Keywords: climate; runoff; Water quality index, the Inner Mongolia of the Yellow River Basin
- Introduction
The impacts of climate change are currently a major global issue on an unprecedented scale. Global climate change models predict that global precipitation distribution patterns will become more heterogeneous in the second half of the 21st century[1]. In terms of global distribution, precipitation in mid- and high-latitude regions shows an increasing trend, while subtropical regions generally show a decreasing trend in precipitation, presenting a “drier and drier, wetter and wetter” state[2].Good water quality has become an extremely important factor in determining the ecological development of arid regions[3]. Currently, the deterioration of water quality has become a major and growing problem and challenge worldwide.

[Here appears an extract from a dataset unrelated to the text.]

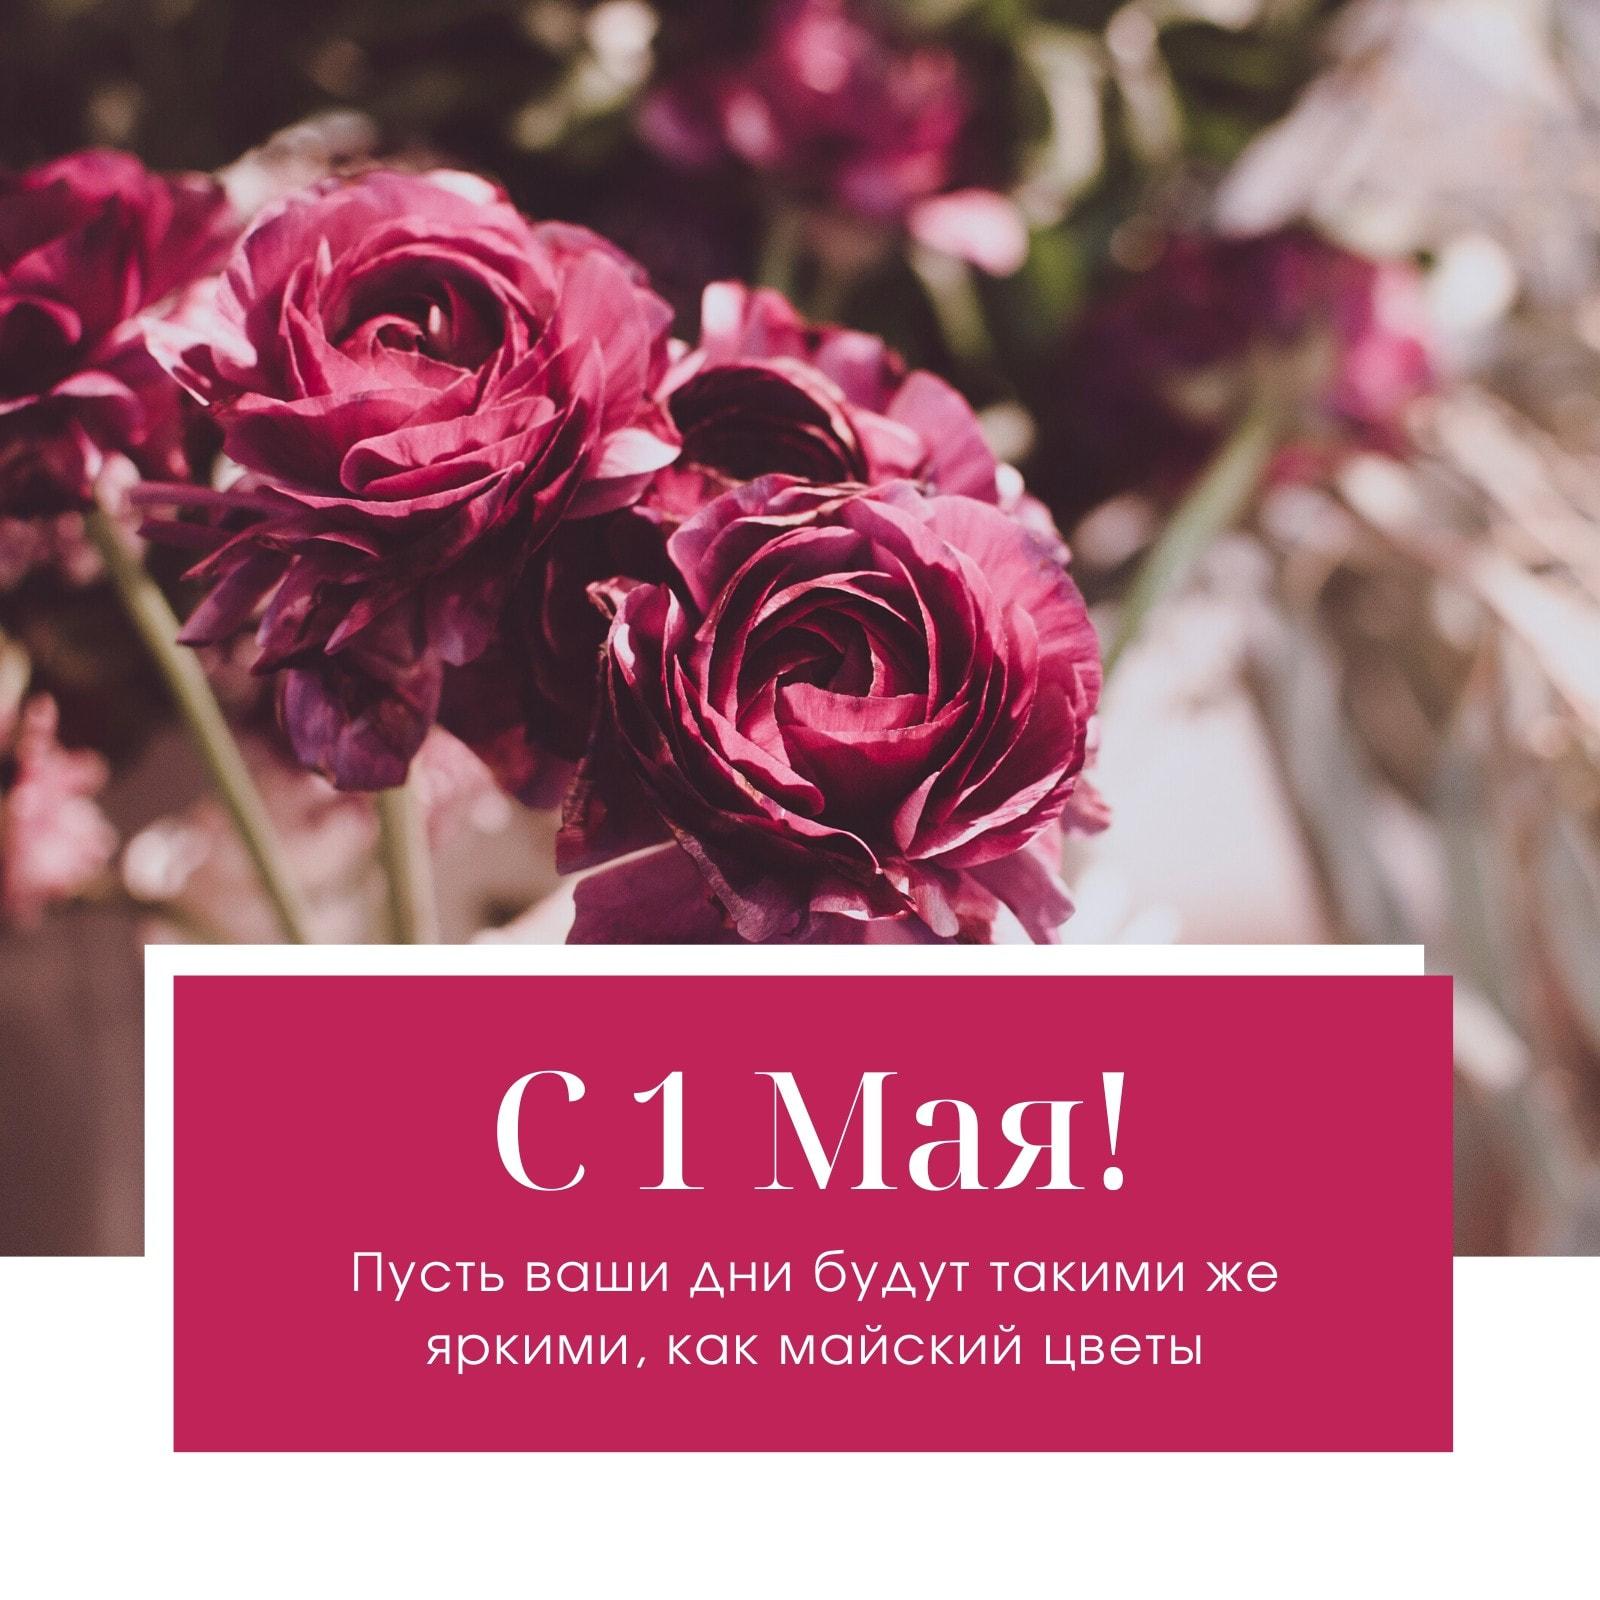 Малиновая Фотография Цветы 1 Мая Instagram Публикация

In recent years, studies on various mechanisms by which climate change affects water quality have become increasingly sophisticated[4-7]. Both natural factors (e.g., climate change, water body area, deposition of atmospheric elements) and human factors (e.g., landscape, land use type) affect water quality changes[8-11]. Climate change affects water quality in three main ways: it exacerbates eutrophication of water bodies; it alters flow, hydrological, and thermal conditions; and it destroys ecosystems and biodiversity[12]. Climate change, as a major natural factor affecting water quality, influences the hydrologic cycle, and consequently the quality of water bodies, by altering precipitation patterns, temperature fluctuations, sea level rise, and the frequency of extreme weather events[13]. Precipitation alters groundwater recharge, and excessive precipitation can lead to sediment resuspension or a large influx of sediment into surface water bodies, deteriorating water quality. This leads to the ultimate deterioration of water quality. For example, studies in semi-arid regions have shown that lack of precipitation leads to deterioration of groundwater quality[14]. Increase in temperature will accelerate the rate of biochemical reactions within the water body, thus affecting the migration and transformation process of pollutants; it will also increase the evaporation of the water body and increase the suspended matter, which prevents the decomposition of internal impurities, resulting in the destruction of water quality[12]. In contrast, Xingkaihu’s study showed that increased precipitation and temperature reduced nutrient content in water bodies and improved local water quality[15]. Therefore, the relationship between climate change and water quality needs further research.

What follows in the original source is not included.